_ENTRIES SHOWN_
======
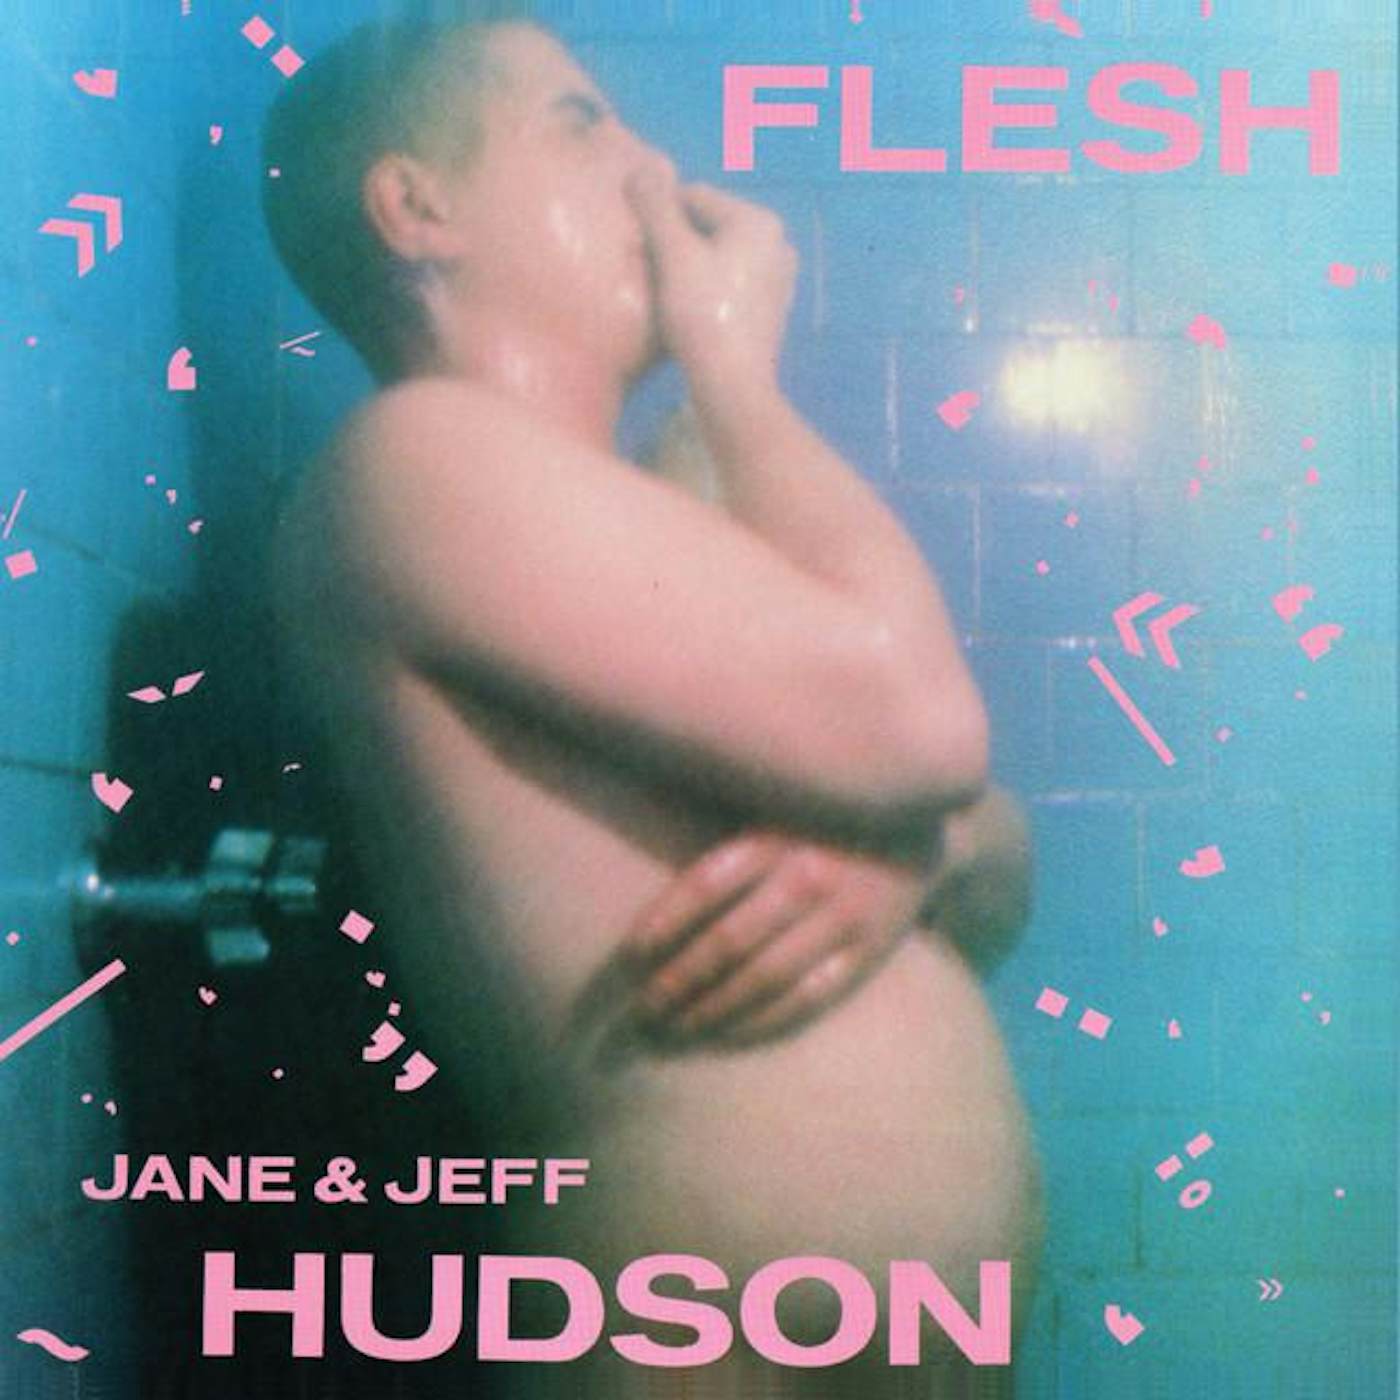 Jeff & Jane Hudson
======
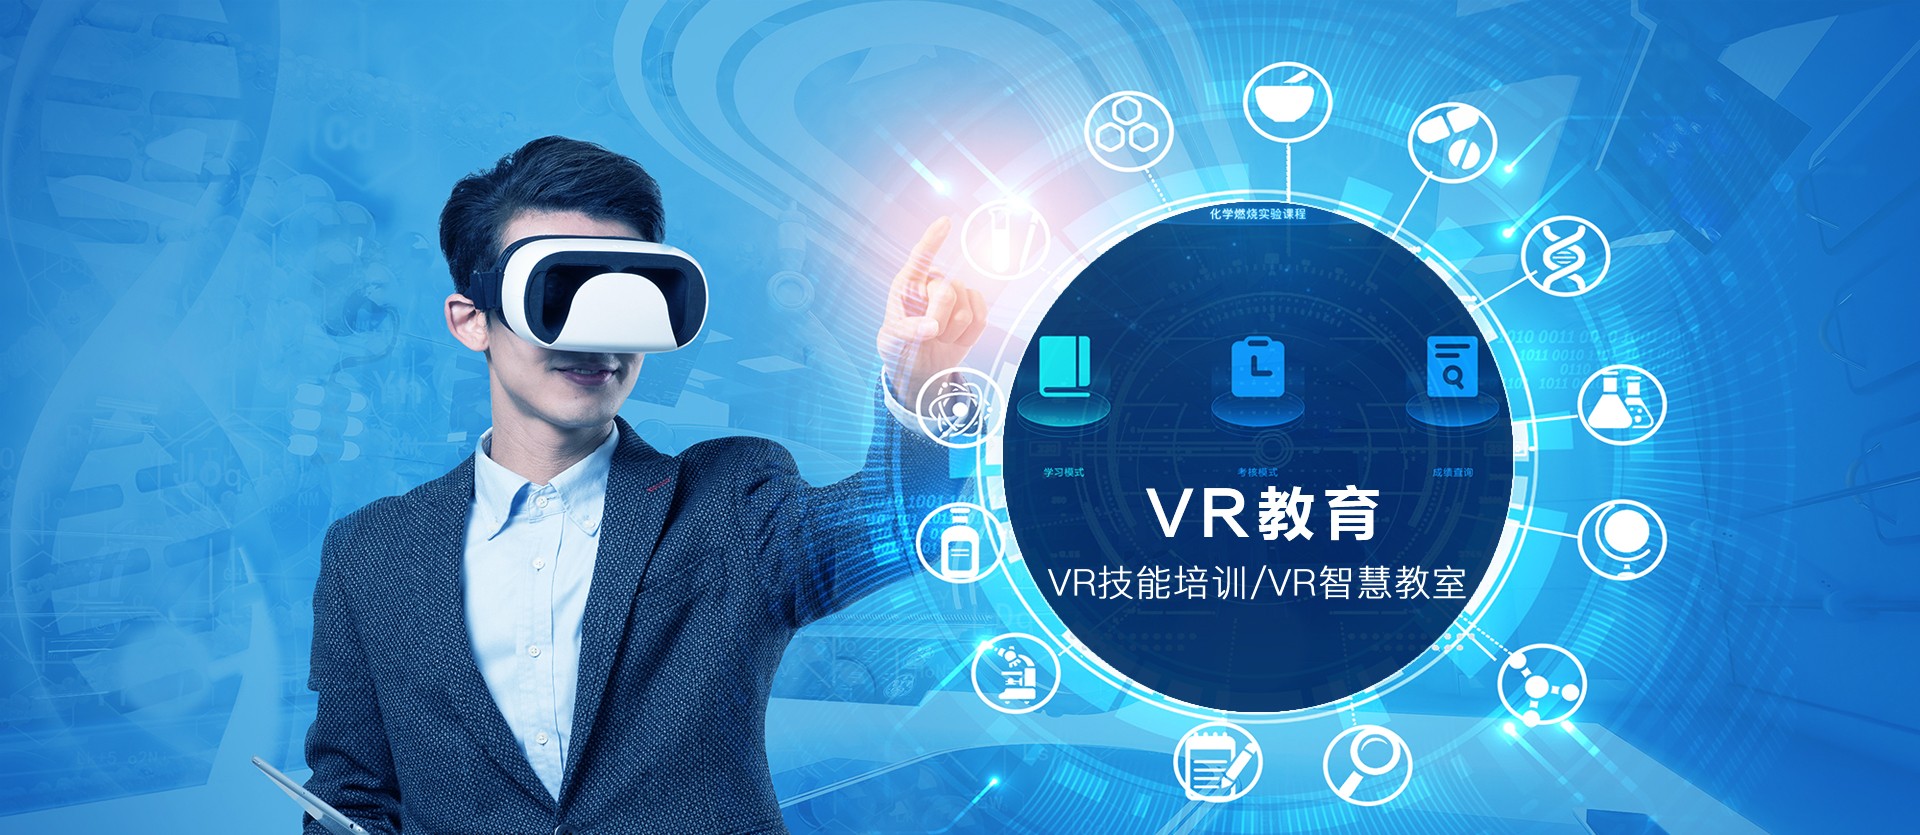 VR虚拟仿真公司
======
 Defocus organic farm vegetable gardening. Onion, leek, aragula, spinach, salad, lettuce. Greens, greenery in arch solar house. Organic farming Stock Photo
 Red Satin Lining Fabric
======
_INSTRUCTIONS FOR THE TASK_
Above are the records; copy exactly the lines from the line with "Defocus organic farm" through the line with "Red Satin Lining Fabric", both included.

_YOUR SOLUTION_
 Defocus organic farm vegetable gardening. Onion, leek, aragula, spinach, salad, lettuce. Greens, greenery in arch solar house. Organic farming Stock Photo
 Red Satin Lining Fabric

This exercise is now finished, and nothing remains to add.